I cant video chat with you tonight, my parents are home
r u implying that im some kind of v-chat prostitution whore?
Just ran into that chick u called from my phone and left her a MSG bout how she has aids
Ahaha, good shit
I'm not upset with you; I'm upset with Fox News.
Hurry up I might actually study if I am left alone
i feel as if last night was a right of passage. to officially be an adult you must have a drunken one night stand with a co-worker and go to work the next day still drunk wearing yesterday's clothes...
They're giving me a hotel, and this chick doesn't have a place to stay for the night... I swear this is how real life Porno starts.
Our cab driver just admitted to beating up kids in the 60's who didn't smoke pot...
so there is either a lot of blood or a lot of wine in the shower....
Did I ever tell u about how my buddy fucked peter coors's daughter and made a tshirt that said I TAPPED THE ROCKIES with her picture on it?
I put the extra pregnancy test in my sex toys box as a reminder that my actions have consequences.

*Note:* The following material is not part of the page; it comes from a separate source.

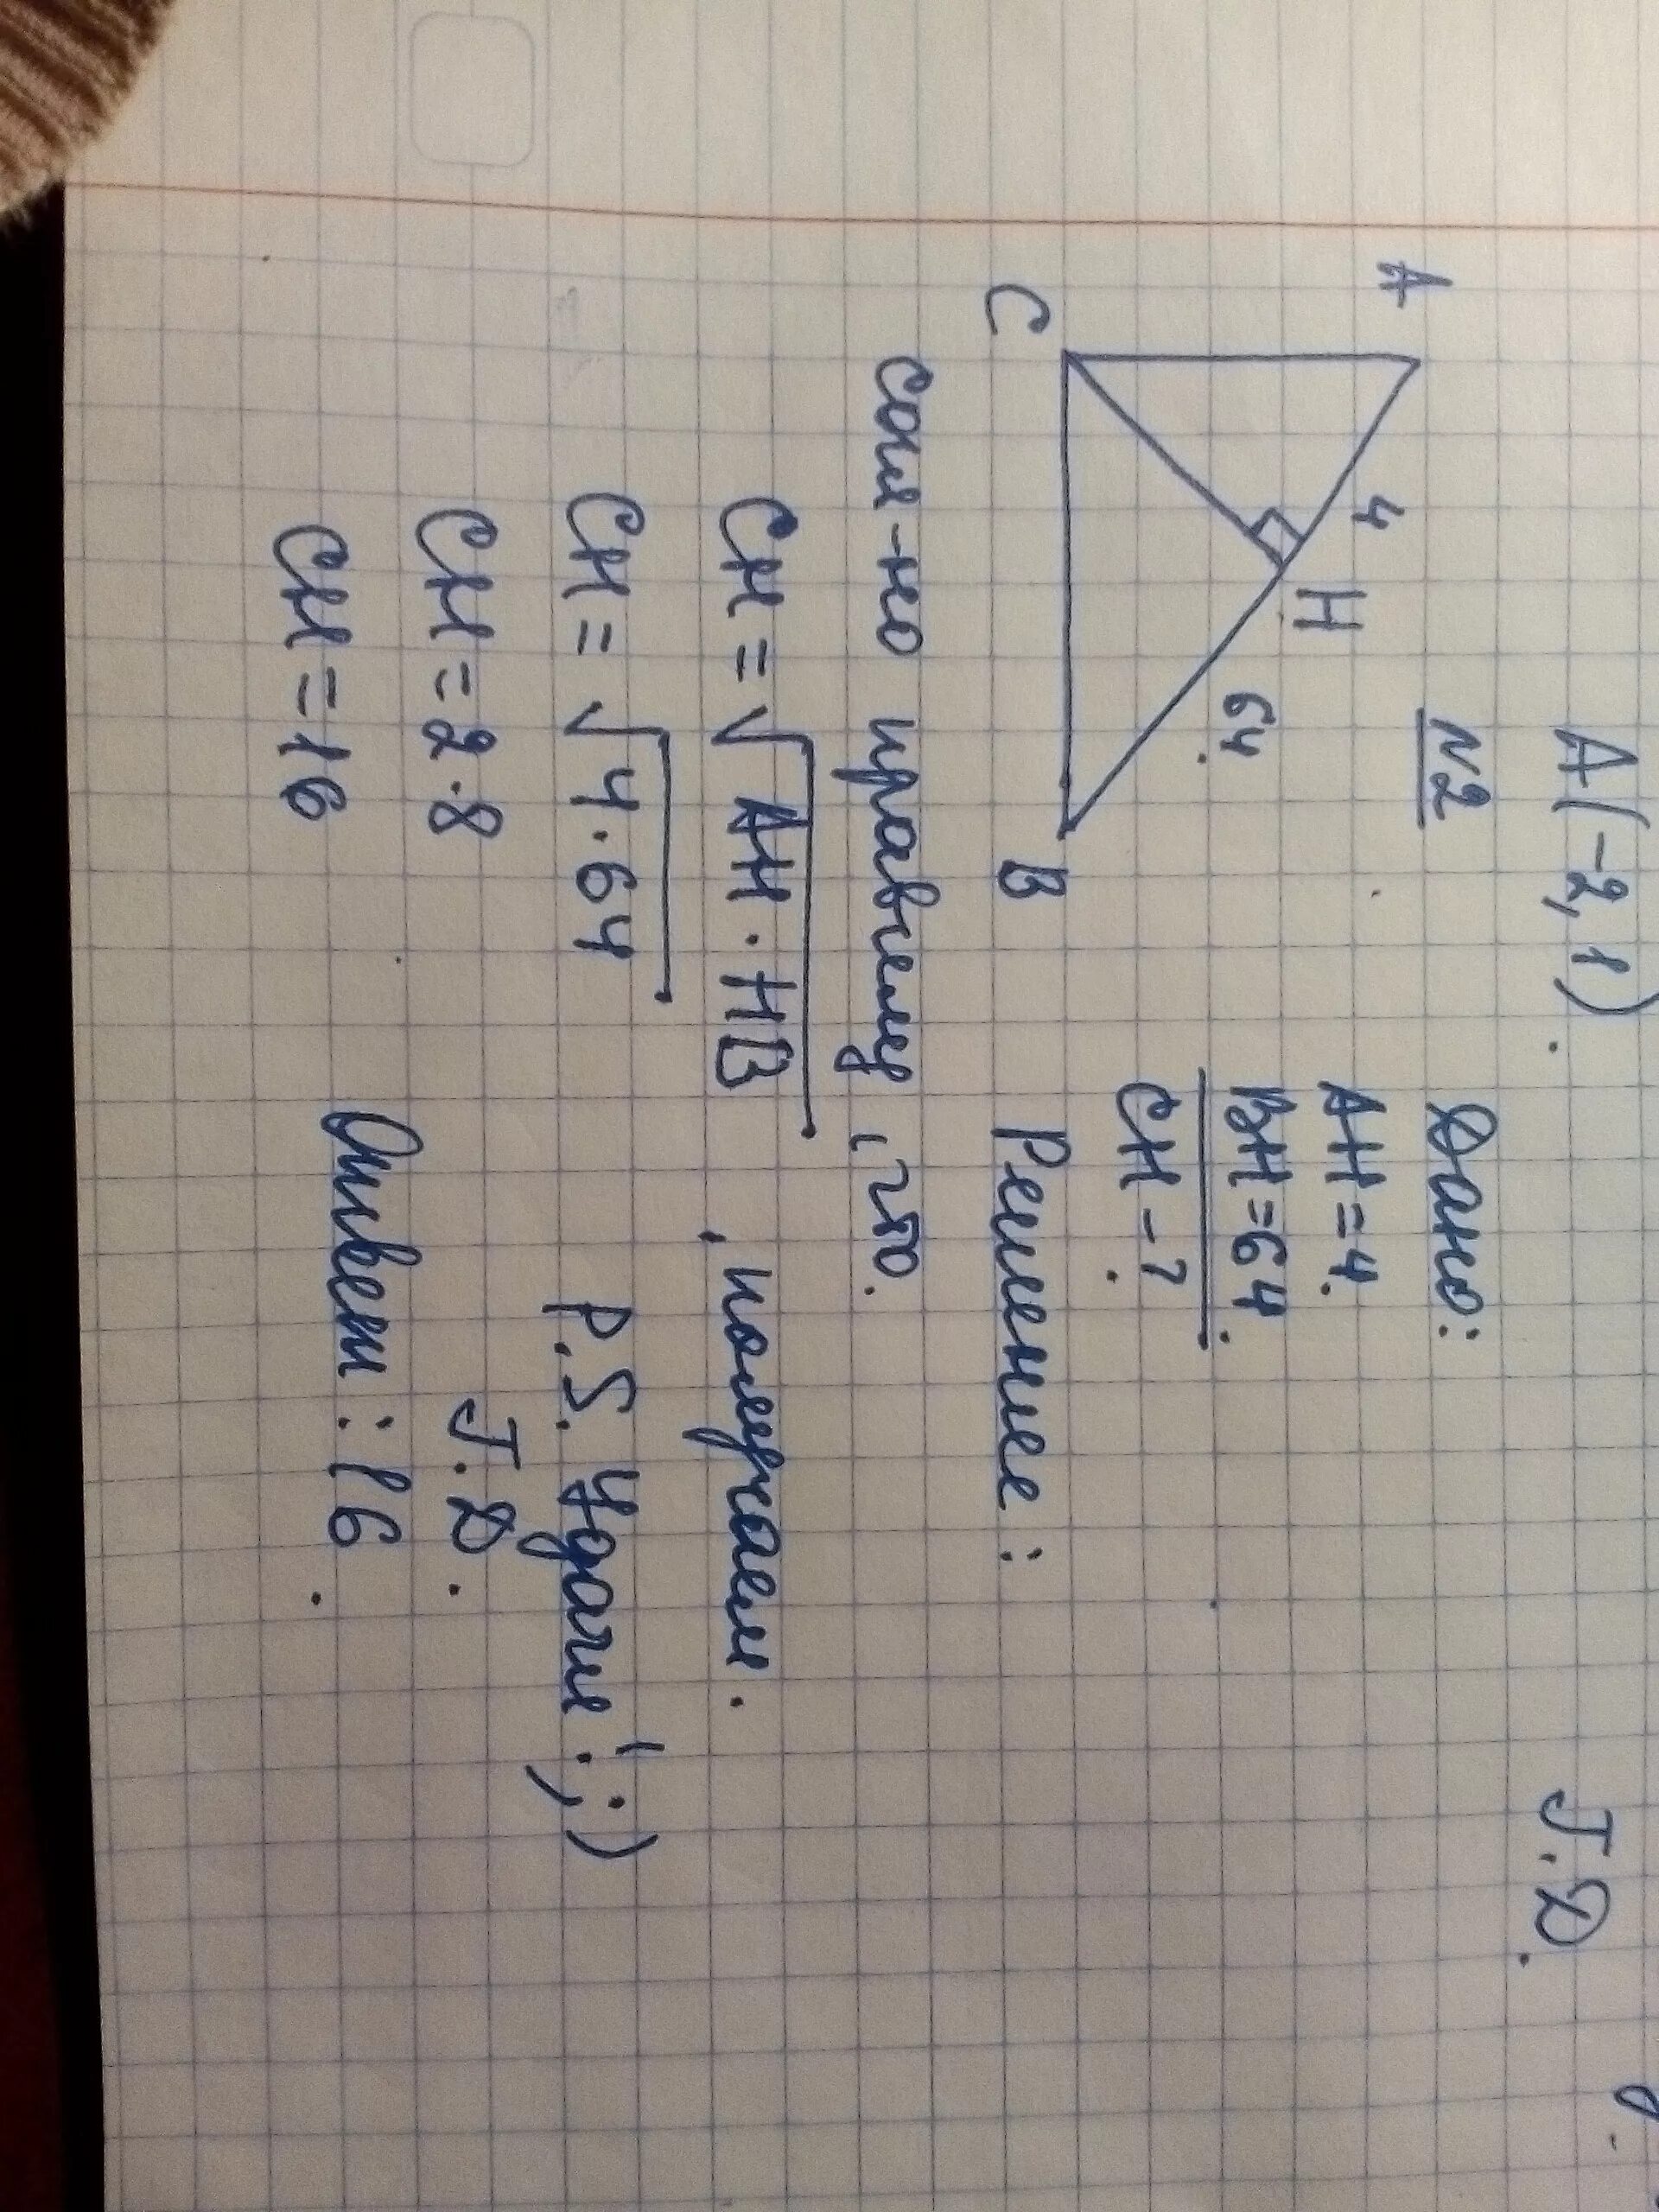 Прямоугольный треугольник с гипотенузой ab. В прямоугольном треугольнике ABC гипотенуза ab. На гипотенузу прямоугольного треугольника опущена высота СН. На гипотенузу АВ прямоугольного треугольника АВС опущена высота.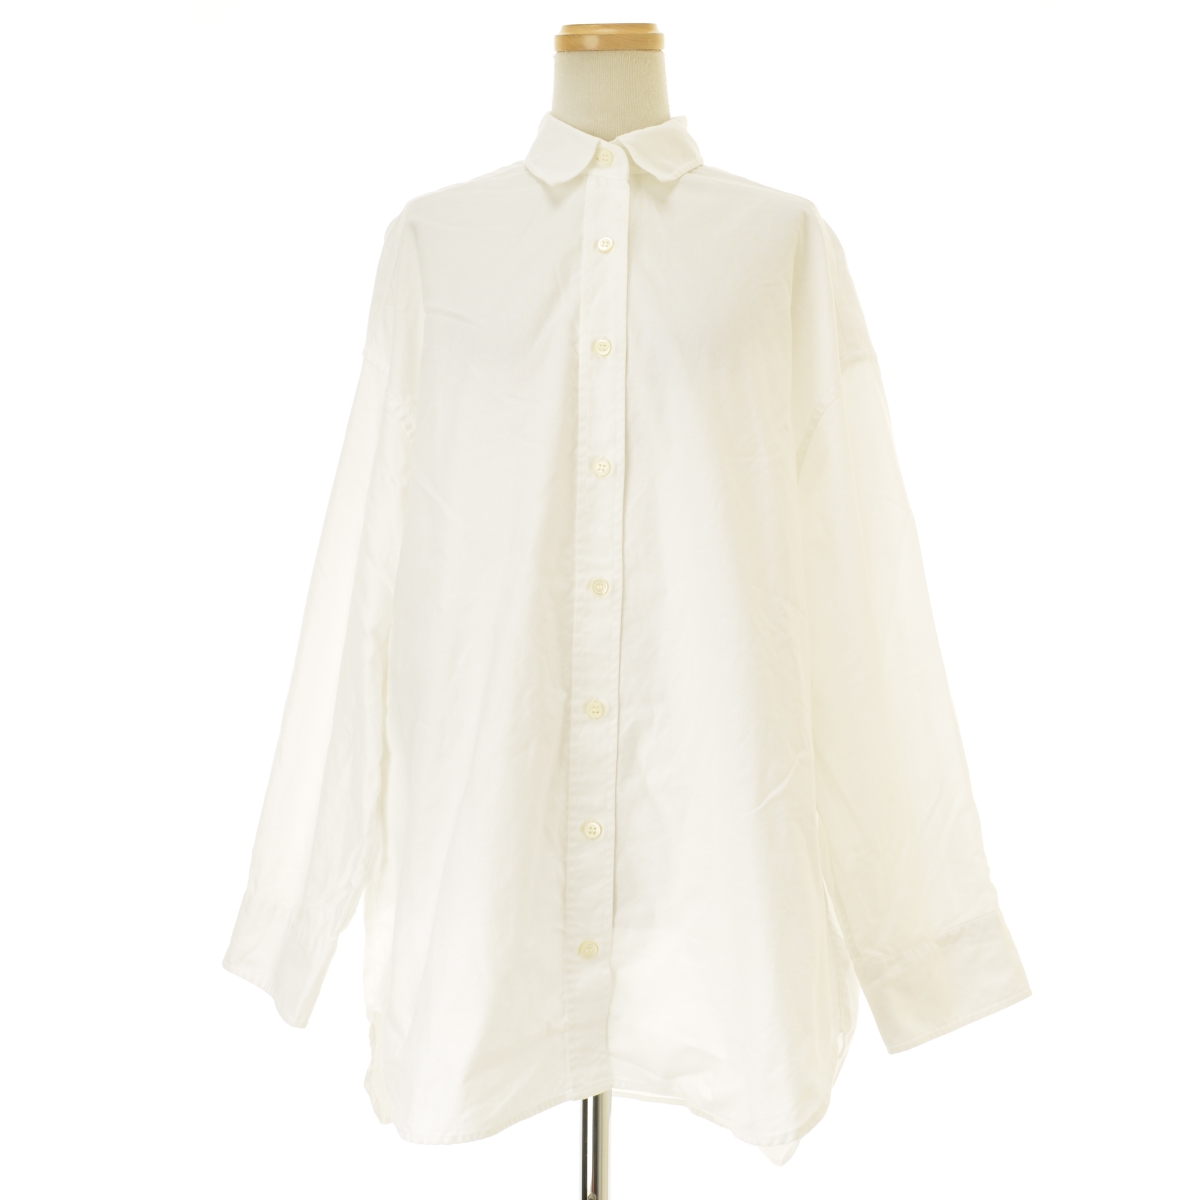 美品✨ドゥーズィエムクラス シャツ 春服 ブラウス 白シャツ 日本製 長袖

We got security called on us. Apparently the wedding down the street didn't appreciate the trespassing or our loud as fuck rendition of We Are Young.
The cop told us he we helped him pass his monthly bong quota. He almost ran out of room on the hood of his car..
Sex in the moonbounce later?
This is why I love you.
Peeing out the car window on the way home was a nice touch. In December, in Michigan, at 3am. Never seen a girl do that before. Neither had the guy in the minivan next to us.